Template: Pick this button to select an existing or create a new Template (.TPL) file or Template Series (.TSF) file for the Road.

A Template (.TPL) file defines a typical roadway cross-section including pavement, curb, ditches, medians, super-elevations, subgrades, rights-of-way and cut/fill slopes. One of the most critical steps in defining a Road Template for use with the Road Network feature is the assigning of a Template ID to points on the Template. A Template ID is a unique name for each point on the Template and is used to transition from Road to Road, from Road to Intersection and Road to Cul-de-Sac.
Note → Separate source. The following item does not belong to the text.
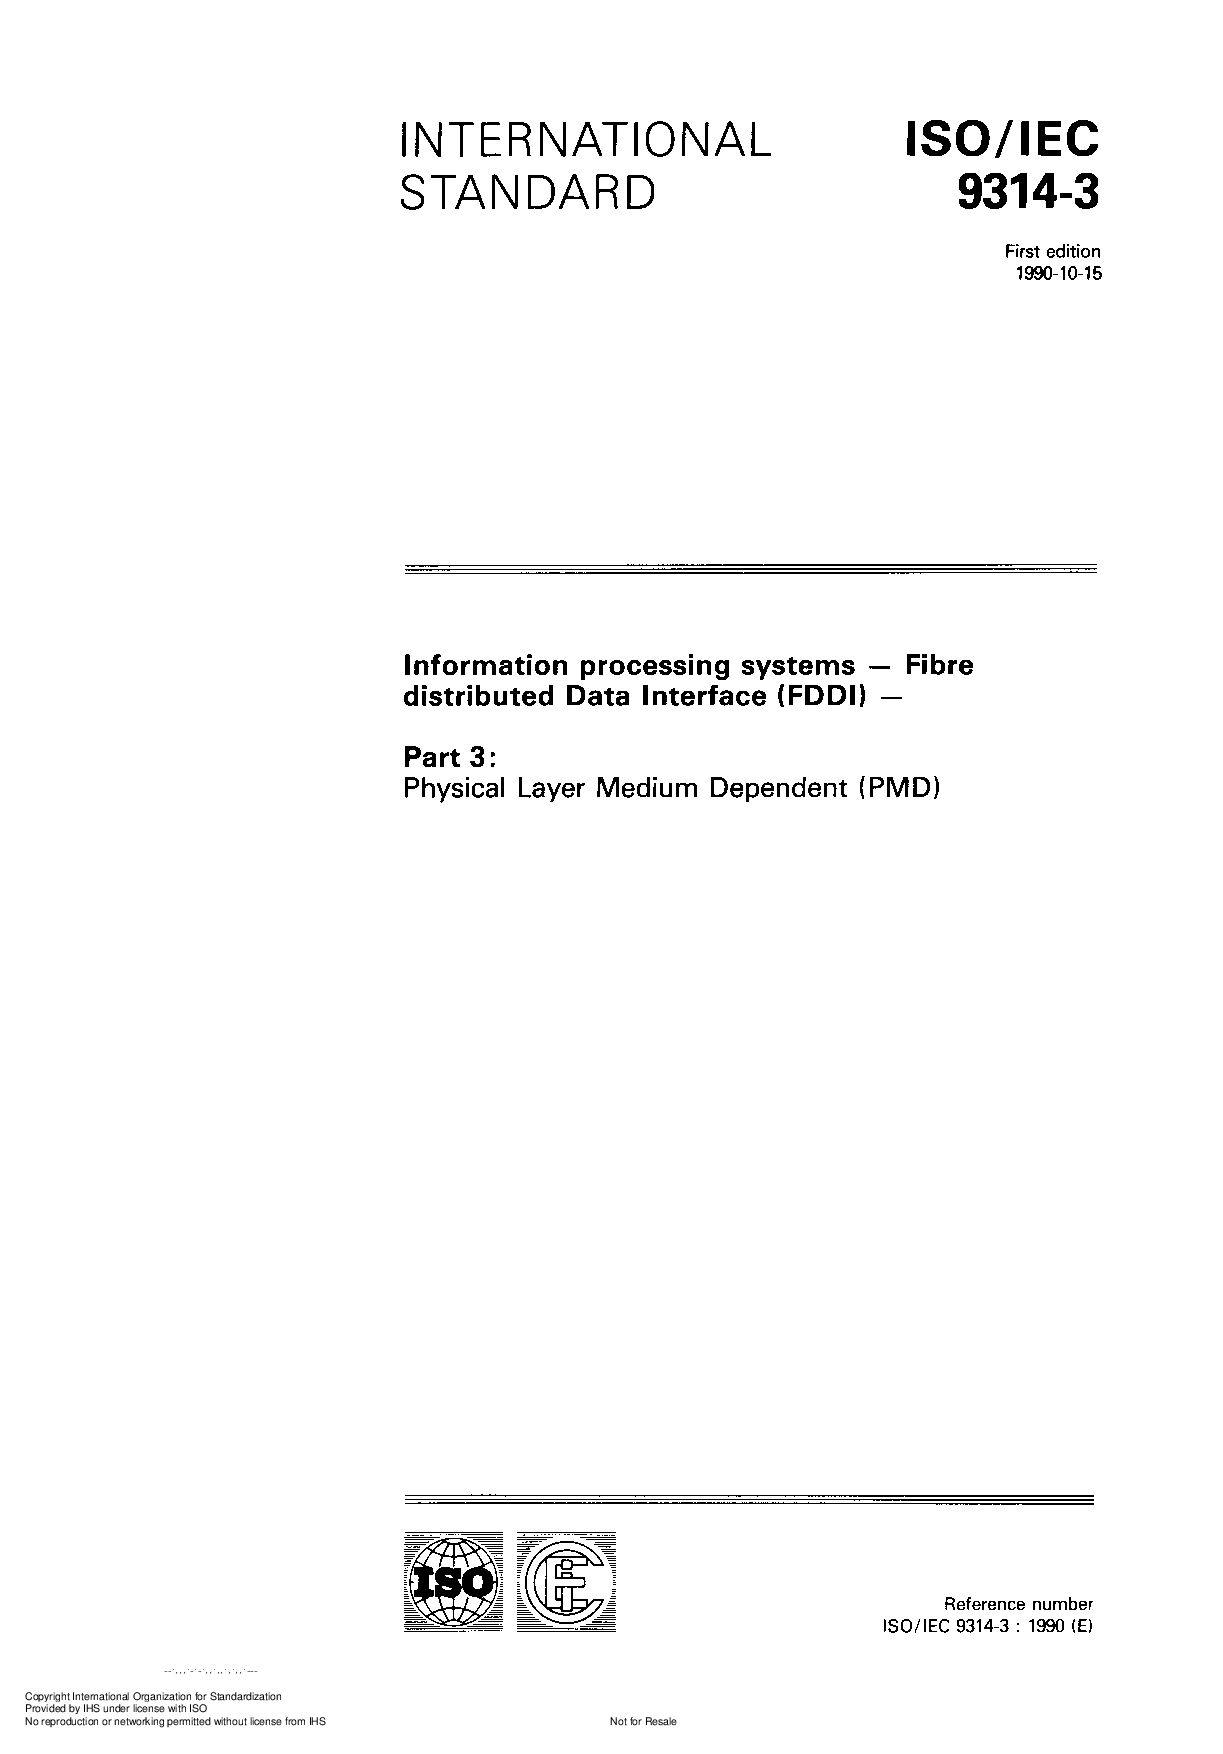 ISO/IEC 9314-3:1990封面图

The Template ID serves 4 purposes: (1) the ID will be applied as a description to all final Template points generated in the form of a Coordinate (.CRD) file, (2) the ID can be used as a design point in the Template definition, as in EP+5 indicating 5 feet or meters right of edge of pavement, (3) points of common ID may be connected by 3D polylines in the Output Options tab of the Road Network: Settings dialog box and (4) Quantities can be generated with reference to the ID and material (gravel, concrete, etc.) also defined in the Template (.TPL) file.

A Template Series (.TSF) file references Template (.TPL) files for Template-to-Template transitioning and is one method used for widening and narrowing of Road sections.

Picking the Edit button will open the appropriate Design Template or Input-Edit Template Series File Editor. These Editors are the same as those used for the Draw Typical Template and Template Transition commands. Please refer to the Help files for those commands if additional assistance is needed.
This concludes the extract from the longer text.